A pouca direita com valores liberais, aquela que defende a iniciativa privada, o Estado mínimo, que defende o individuo e a sua capacidade de realização, está com uma representação parlamentar em deputados algo fraca, os que se assumem são raros e os que existem não se assumem. É aqui que entra a Sofia, é aqui que entram todos os projectos liberais que tenham a intenção de o serem, que não ficam no sofá com a filosofia barata. Querem ler o que a Sofia tem a dizer não é? Vamos a isso!

Pergunta 1): O que é a Democracia 21? O que querem trazer de novo ao Palco Partidário? O que vai trazer de novo às pessoas? 

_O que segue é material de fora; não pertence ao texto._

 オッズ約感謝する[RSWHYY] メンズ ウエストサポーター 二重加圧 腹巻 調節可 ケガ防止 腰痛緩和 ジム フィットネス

Começando por explicar o que é a Democracia 21, neste momento é um Movimento Cívico, estamos a recolher assinaturas, para constituir Partido e esperamos que a D21 seja no futuro e, vai ser, um Partido Liberal de direita, é bom frisar isto, portanto a diferença que oferece é por um lado um primeiro Partido liberal, ou, pelo menos, o que considero serem os valores fundamentais do liberalismo em Portugal, uma coisa que estamos à espera há muitos anos e que é preciso avançar e faz falta ao espectro político Nacional, não nos podemos esquecer que neste momento é a segunda maior força na Europa, entre muitos outros Partidos que compõe esta força, outros inclinam-se para a esquerda outros para a direita, mas, neste momento é importante que a D21 avance em Portugal bem como outros projectos, eu gostava que houvesse mais Partidos Liberais em Portugal.

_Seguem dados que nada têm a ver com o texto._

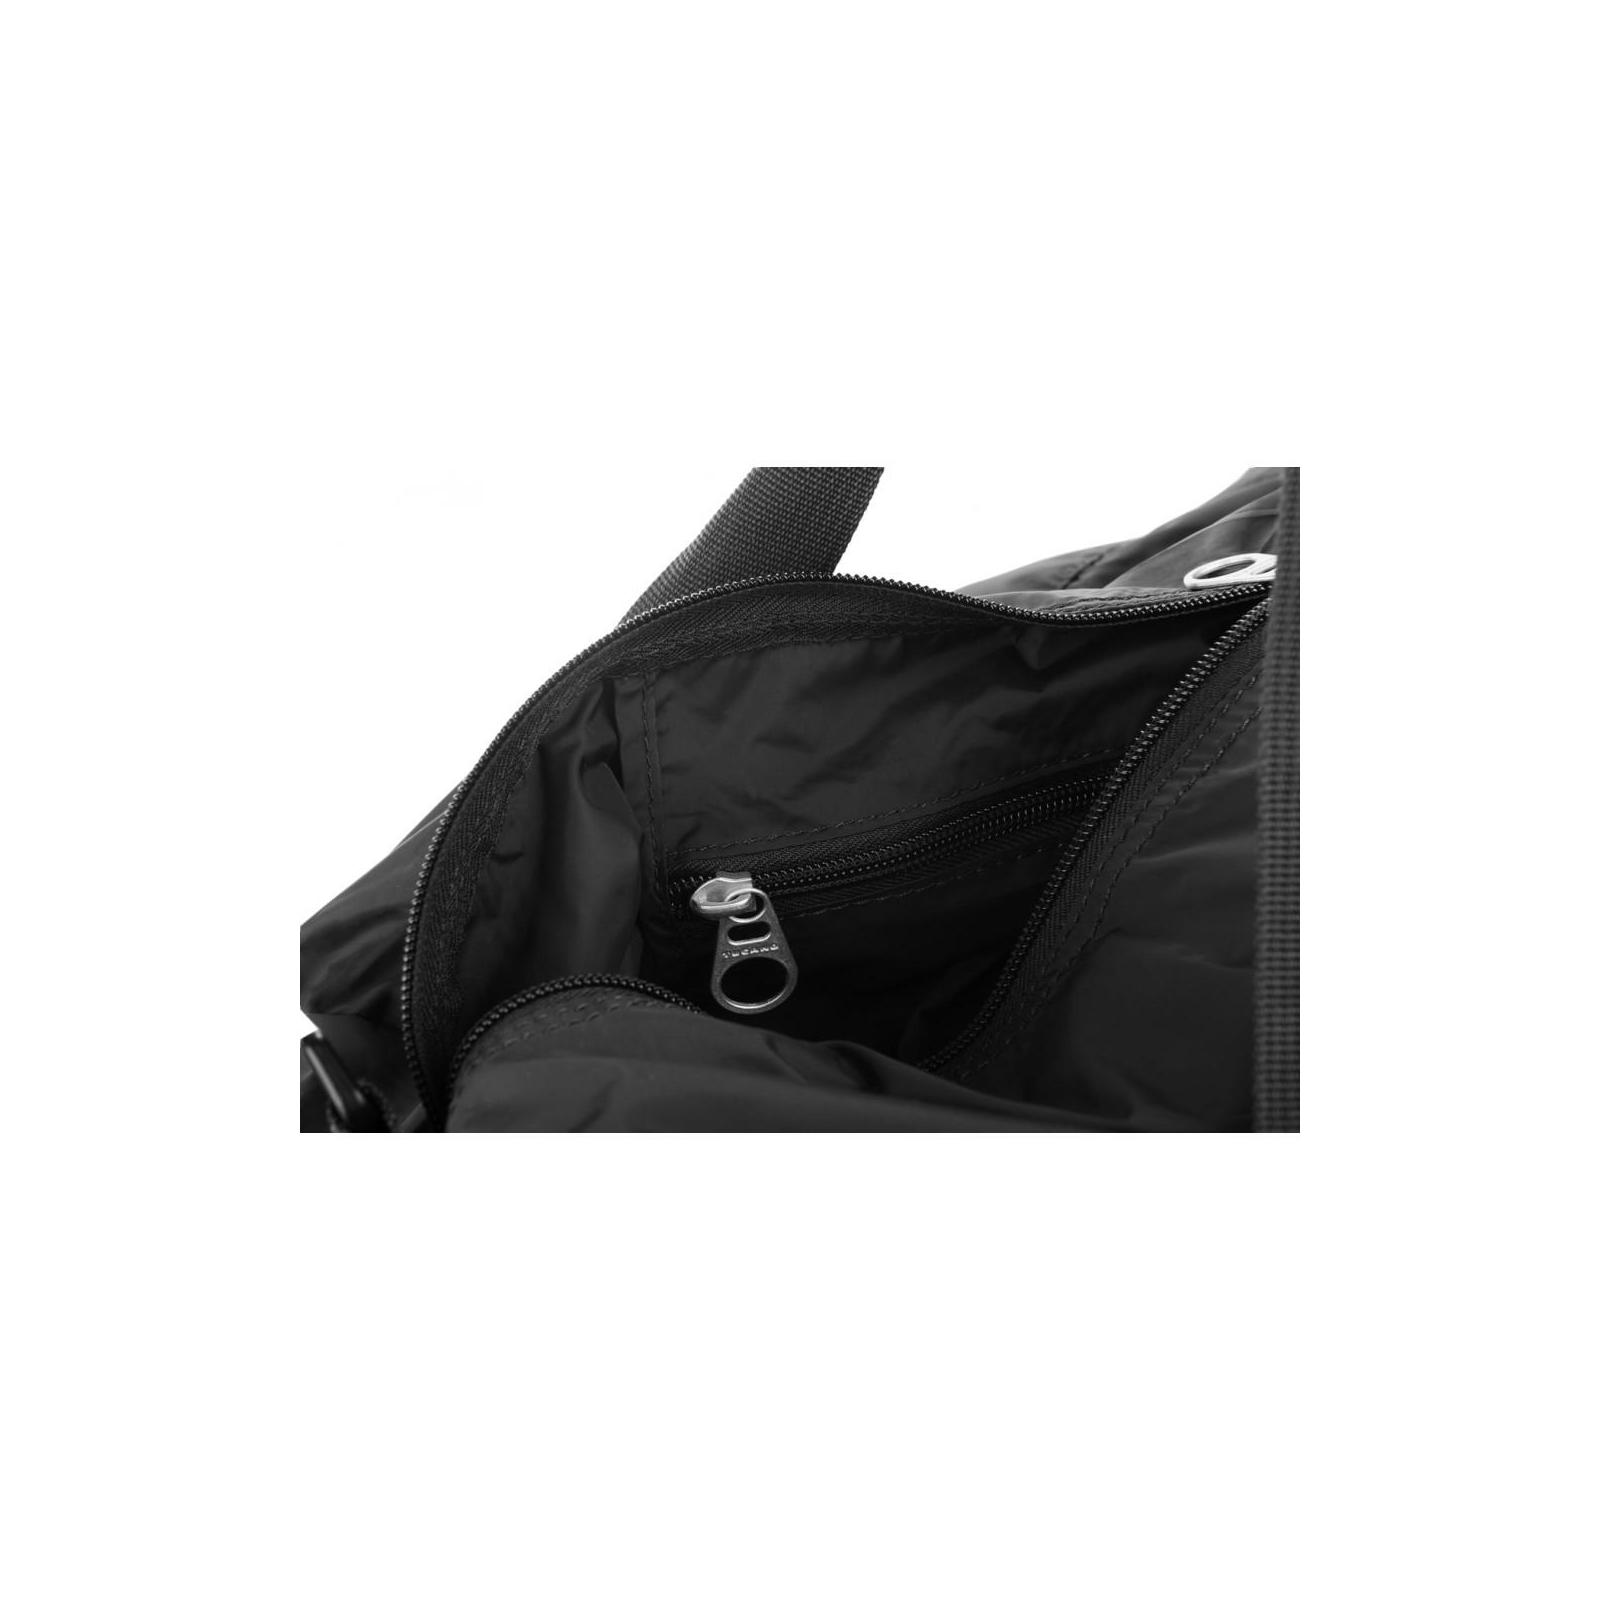 Сумка дорожная Tucano COMPATTO XL WEEKENDER PACKABLE черная (BPCOWE) изображение 5

Pergunta 2): Numa entrevista recente que deste à MAGG, revista do Observador, disseste que a tua geração estava arredada do poder, como vês um Rui Rio com 55-56 anos e António Costa com 55 anos, um líder partidário do maior Partido do País e outro Primeiro-Ministro e Macron com 40 anos Presidente de França? O que falta à política portuguesa para atrair os gente jovem e competente? 

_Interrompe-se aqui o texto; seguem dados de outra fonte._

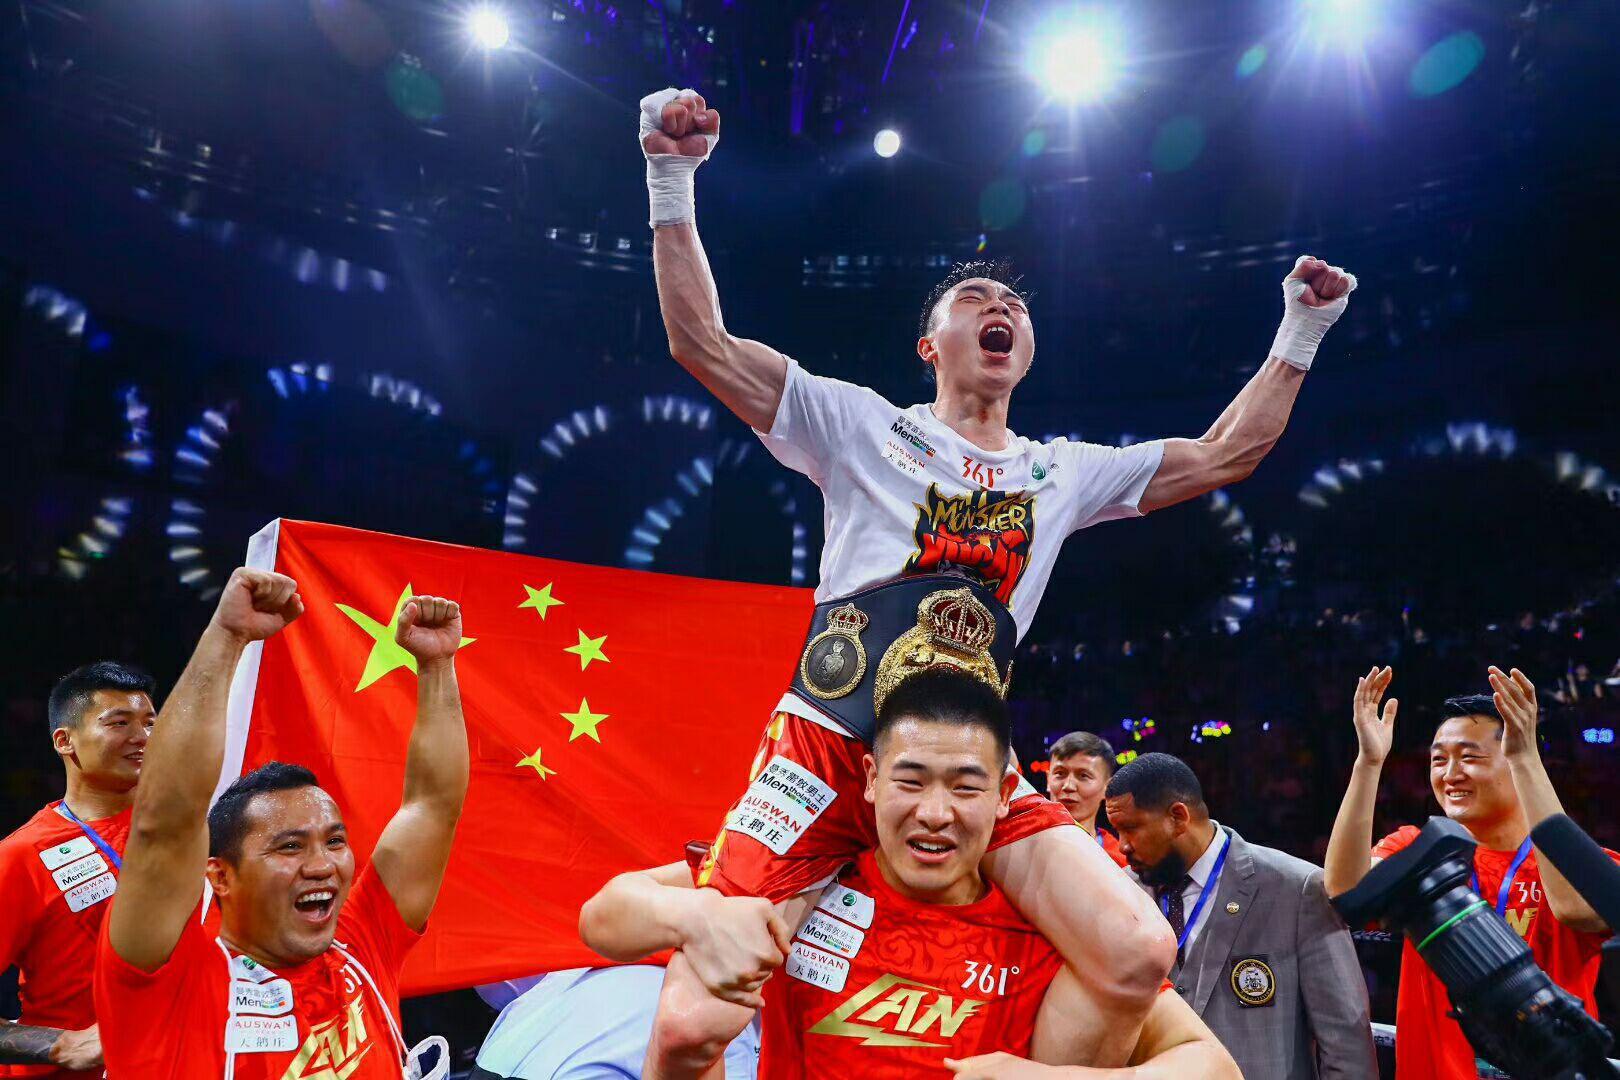 徐灿二次拳王卫冕战定了!11月美国迎来拳击世家罗伯斯三世的挑战

Temos vários problemas em Portugal(Risos), a primeira tem a ver com a nossa história, tivemos uma revolução há 40 anos, depois de mais de 40 anos de Estado Novo, formaram-se Partidos na altura que conservam o poder até hoje de modo rotativo como o PS e o PSD, os dois maiores Partidos Políticos, o problema é que os mesmos não se renovaram e se actualizaram nos métodos, nas ideias de e formas de fazer política apresentado quase o mesmo projecto aos eleitores e neste momento, a minha  geração, e tenho 41 anos, esta pouco representada apesar do BE e do CDS hoje em dia tem pessoas da minha geração à frente. Na MAGG, como disseste, contei-lhes um episódio que ocorreu no ano passado em que apertei a mão ao Macron que é mais novo que eu e é daqueles momentos da vida de uma pessoa, em que começas a pensar em que estamos a apertar a mão ao Presidente de França com 40 anos e no meu País, percebo a dificuldade e o caminho que tenho pela frente, o nosso Presidente tem 68 anos e aqui se vê a diferença, Macron com 40 e Marcelo perto dos 70 concordemos ou não com as ideias deles, Portugal tem definitivamente um problema de “sangue novo” na política, há algo que tem de mudar rapidamente.

Pergunta 3) És a primeira líder partidária a usar o termo direita liberal, e não de centro direita. Poucos tiveram a tua coragem para usar esse termos, como arranjas explicação para uma “direita” como o PSD que já não se diz de direita, mas sim de esquerda, e muita gente no CDS da Ala mais Conservadora que querem a Assunção Cristas e Adolfo Mesquita Nunes fora? Como explicas a resistência dos lideres partidários da “direita” em se assumirem como liberais?

As coisas estão a mudar, estamos em 2018 e, olhando para o mosaico Partidário na Europa as coisas estão a mudar mais rapidamente, aqui em Portugal estamos atrasados e muito… É com a D21 e com outros projectos políticos de cariz liberal, que estão agora a surgir finalmente, que podemos mudar isto, repara, não há algo de diferente no ar? Se calhar já não é assim tão prejudicial dizermos que somos de direita liberal, o que posso dizer na minha perspectiva muito particular de quem montou a D21 muito recentemente, tivemos muita atenção por parte da imprensa e das pessoas para assinarem, foi dos poucos projectos a afirmar-se de direita logo de inicio e isso deu nos uma visibilidade que, se calhar, outros projectos não tiveram, porque fomos por esse caminho. Há muitas pessoas à espera que venham partidos diferentes, para melhor, face aos actuais.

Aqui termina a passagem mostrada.